Post by TedSwippet »

pierre.x.l wrote: Mon Sep 21, 2020 10:16 am Touch wood, this sounds then like it might be quite straightforward then (ignoring any Brexit complications): pensions taxed at source, ISA's unwrapped and no crazy exit taxes. After moving to France I can continue with same EUR currency portfolio.
Seems so. Though "pensions taxed at source" looks wrong to me; from treaty article 18 it looks like a UK pension paid to a French resident is taxable only to France -- "pensions ... paid ... to a resident of a Contracting State {France} shall be taxable only in that State {again, France}." That said, treaties can be slippery things, so no guarantee I'm right on that. It looks that way, though.
pierre.x.l wrote: Mon Sep 21, 2020 10:16 am What is my best approach regarding broker? I expect a UK broker would convert my GBP to EUR at some not-cheap rate before purchasing assets. Is there a way to switch a portfolio with UK broker to a French broker without cashing out/re-purchasing? If from the beginning, I used a French broker then I could fund account using EUR directly via TransferWise's cheap rates. Do Interactive Brokers services help my situation at all?
For unwrapped accounts, I'd look to Interactive Brokers first. Not only should they be able to cope with your moving country without forcing account closure or anything else nasty, but they also reportedly have excellent forex rates (that may well beat Transferwise). I doubt a purely French broker would want a UK resident as a customer any more than a purely UK broker would want a French resident customer. You could always ask, of course, and it is sometimes possible to move assets between brokers in different countries without cashing in, but my guess is that a specialist international broker will produce a more seamless experience. No direct experience; I moved to the UK from the US, and the US's financial system is heavily Balkanised.

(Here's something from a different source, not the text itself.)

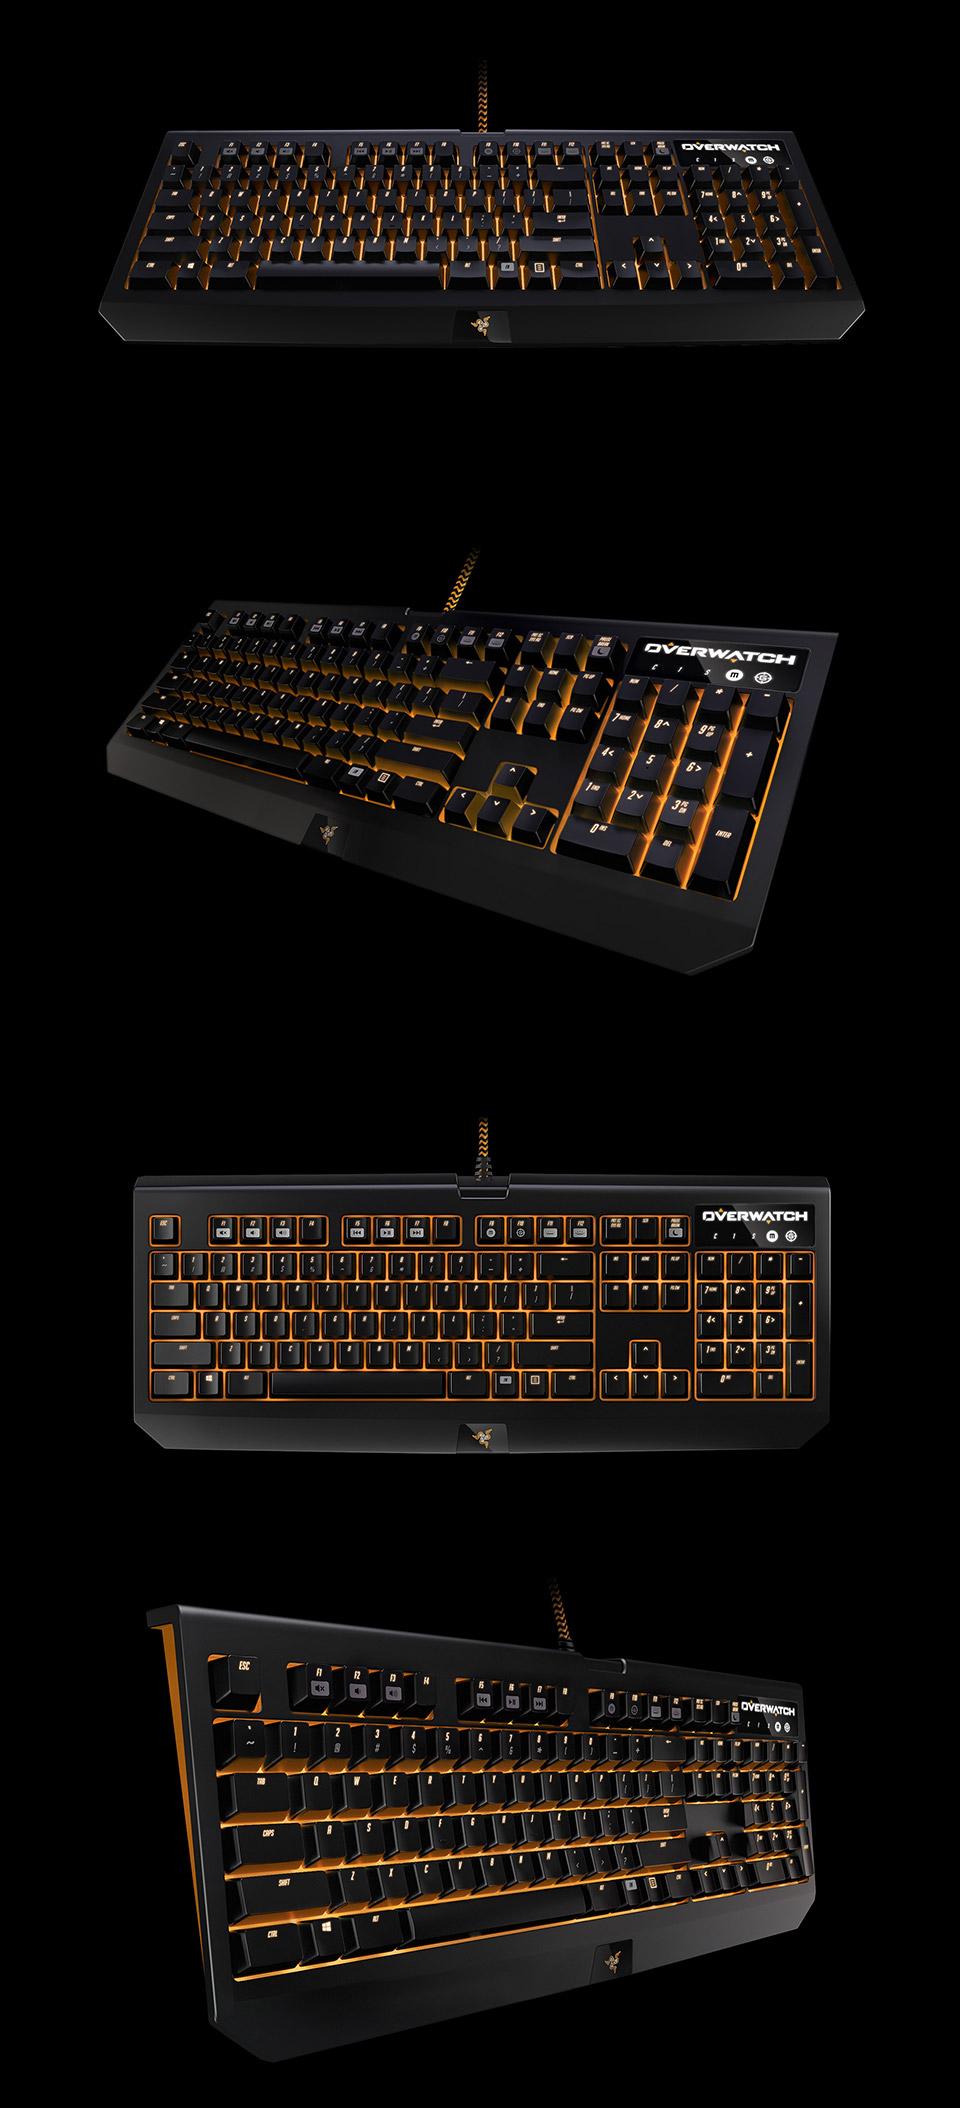 Razer BlackWidow Chroma RGB Gaming Keyboard Overwatch Edition [RZ03

For an ISA, you will have to use a UK broker. If you buy EUR denominated and EUR hedged ETFs then there will probably be some GBP/EUR forex slippage in there somewhere, but it's unavoidable. In any case, you'll probably want to cash in your ISAs (and perhaps replace with equivalent investments in unwrapped account) once you have left the UK anyway.

For SIPPs, you're stuck with these until age 57 (probably). The treaty doesn't explicitly say that France cannot tax the gains in them annually, rather than just withdrawals, so maybe check that. Given the closeness of the countries, I wouldn't have thought that France would tax gains in foreign pensions annually, but something to investigate a bit more closely, maybe.